Around Kilgore, I saw a sign for Walmart, 3 miles from the highway. One of my friends in the playgroup that morning had been wearing a cute little tennis outfit. When I commented on it, she said she'd gotten it from Walmart. I figured it was worth a try.

The Kilgore Walmart is far nicer than our nearby Walmart: bright, big, inviting, and they had cute clothes, cheap. It didn't take me long to find two nice tops and a pair of black pants. I'll be happy to wear them again. Yea, God. He really came through.

The next morning, I met with the editor and he slammed my book idea. "We don't publish autobiographies unless they're of famous people -- stores don't buy them," he said. "Rewrite your chapter to focus on postpartum depression, not your experience of it." I argued with him about it -- probably not the best way to respond, but I felt so disappointed.

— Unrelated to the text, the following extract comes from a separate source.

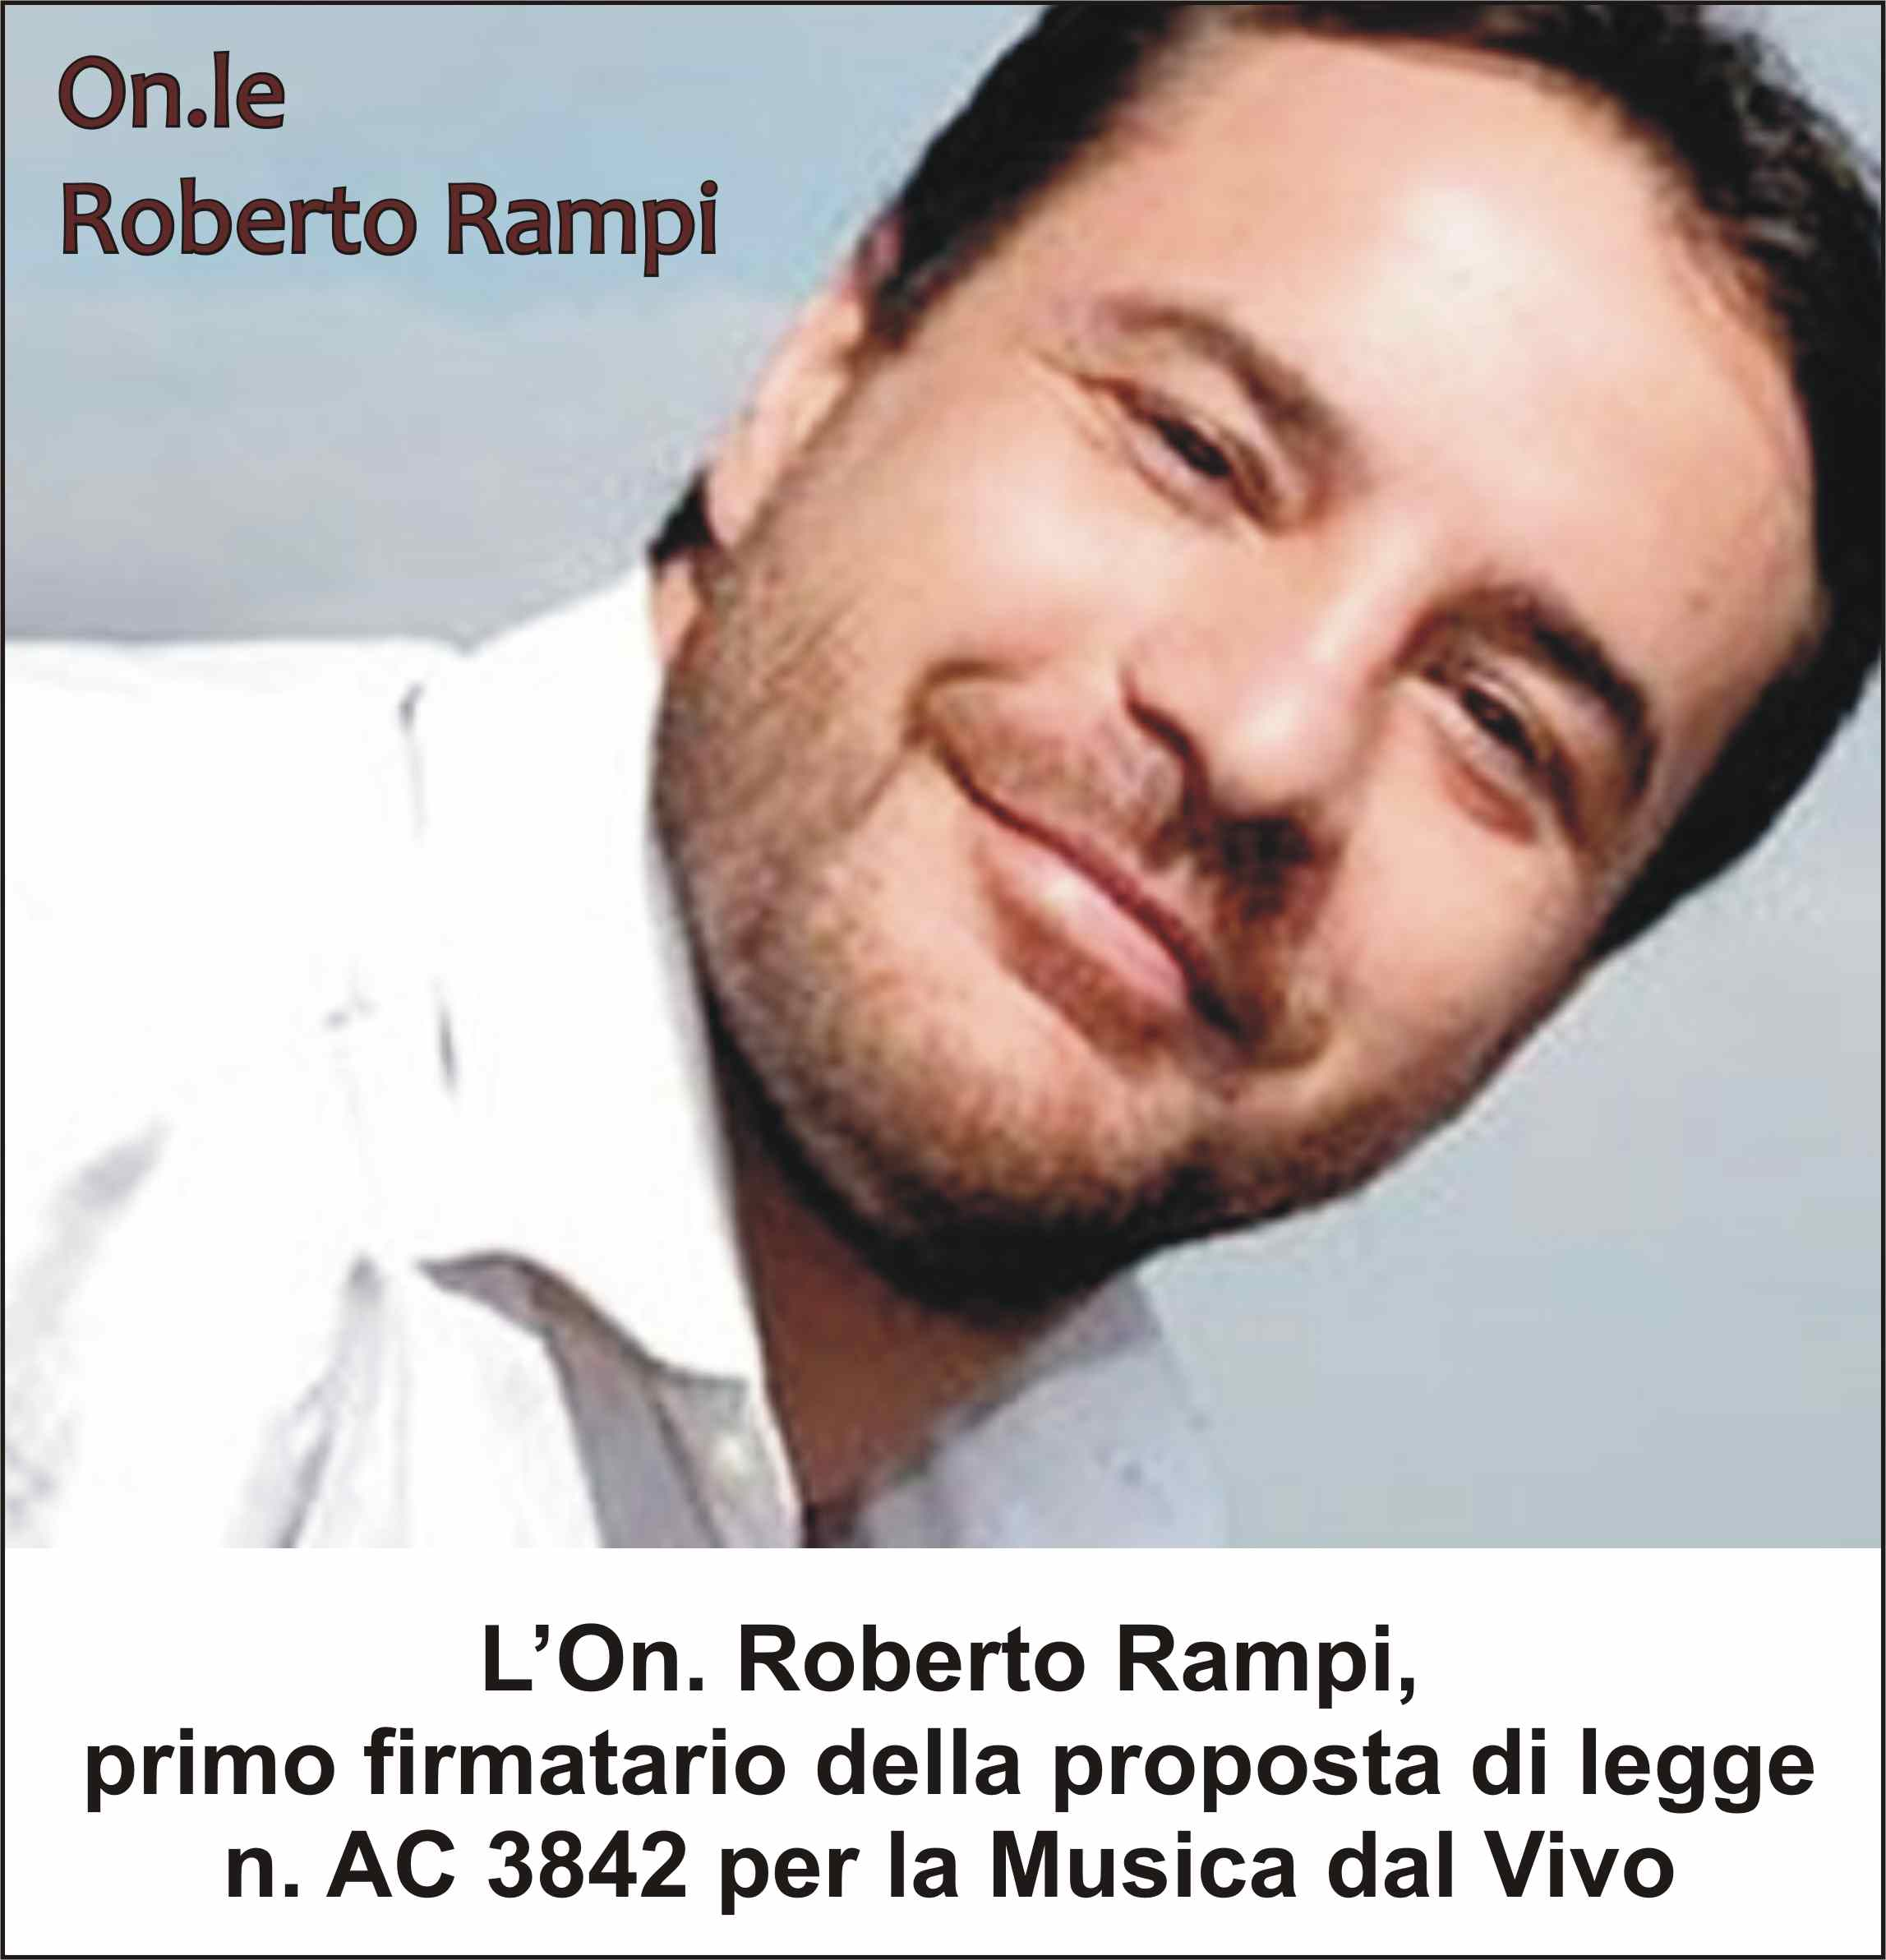 Roberto Rampi

I've spent several months working on this book. I had it all planned out. I don't want to write a different book. Now I don't know how it will work out. I feel rather more discouraged than excited to see what will happen. It's easy to trust God with clothes; will I also trust him with the book? "Be anxious for nothing." I am sure that God wants me to comfort others with the comfort I received while I was depressed. Now I am working on looking at this unexpected turn as an adventure, an opportunity for God to lead me in better ways. God's ways are always much more humbling than my plans. In his Plan, humility is much more important than success.

Wednesday, June 04, 2008

The Cloud of Witnesses Just Got a Little Bigger

Kay died at 2:30 this morning. She had been in the hospital this time a little over a week, and suddenly started to decline on Sunday.

Kay was a member of my Al-Anon group. From my first meetings, I noticed Kay because she was always knitting or crocheting something: a scarf, or a blanket for a grandchild. When I was pregnant she made John a tiny cap, white with blue hearts.

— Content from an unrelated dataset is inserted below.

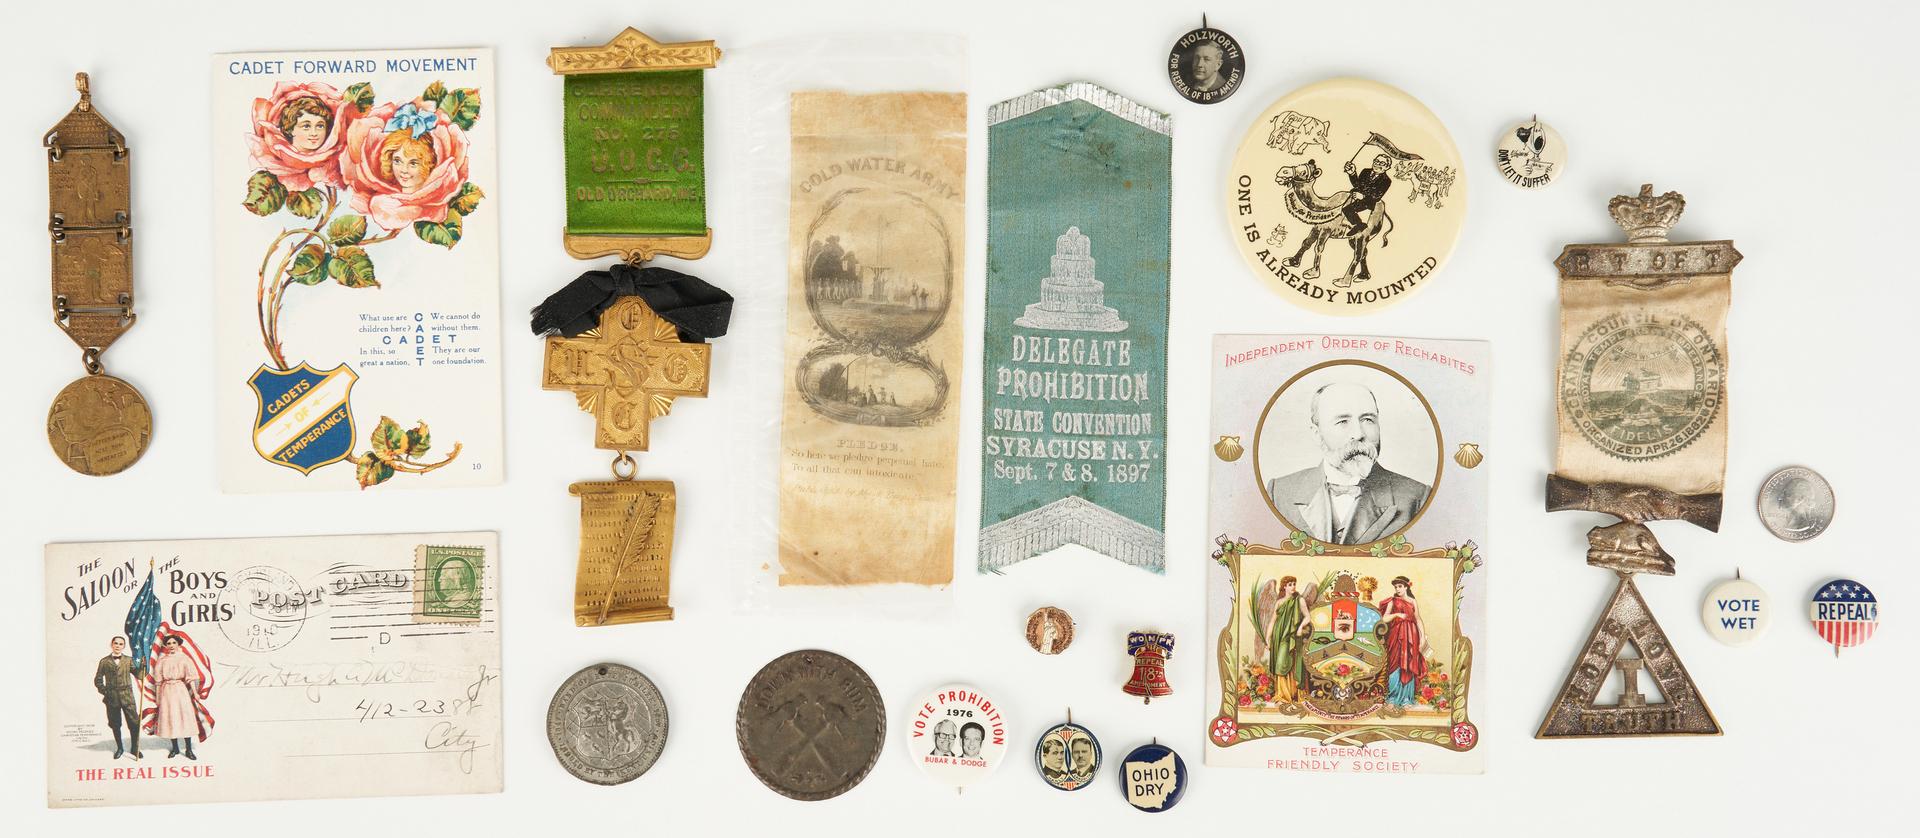 Lot 686: 52 Prohibition & Women's Suffrage Related Ephemera Items

"Like Dorcas," Michael said.

Kay was diagnosed with lung cancer a few months ago. She underwent radiation and chemotherapy. Always small, she lost weight. She wore cute knitted caps a friend made for her.

Kay handled cancer with dignity and grace, more than I'd ever seen in her before. It sounds like a cliche, but she emanated peace. She didn't complain. She didn't seem worried about death. She trusted God. I was sure that she would not recover simply because it was so clear that God was preparing her for heaven. "To live is Christ, and to die is gain."

Kay told her husband on Sunday that she was ready to die.

Kay's son, his wife (pregnant) and their two sons drove down here from Wisconsin. They left on Sunday and drove straight through.

I visited Kay in the hospital yesterday afternoon. Visitors are not allowed in the ICU between 2 and 4 but the nurse let us in anyway. I knew Kay had lost consciousness, but it was still a shock to see her, lying with her eyes mostly but not completely shut, labored breathing with an oxygen mask over her face. Her glasses were still on her face. Another friend and I each touched her head, short gunmetal gray hair, and prayed for her. I kept stroking her hair and trying to stop. I didn't want it to bother her. I thanked God for his faithfulness to Kay and prayed that she would soon enter his Kingdom.

"I think she could hear us," my friend said.

In one of my seminary classes, our professor encouraged us to pray that we will end our lives strong. Many Christian leaders haven't, he said.

Kay did.

I am sorry now that I didn't take more time to talk to Kay about what God was doing in her these last few months. And now she's gone.

But I know that she and Dorcas and God only knows who else are now fully alive for the first time and cheering on the rest of us.

Thank you, Lord, for the life of Kay. Please comfort her family.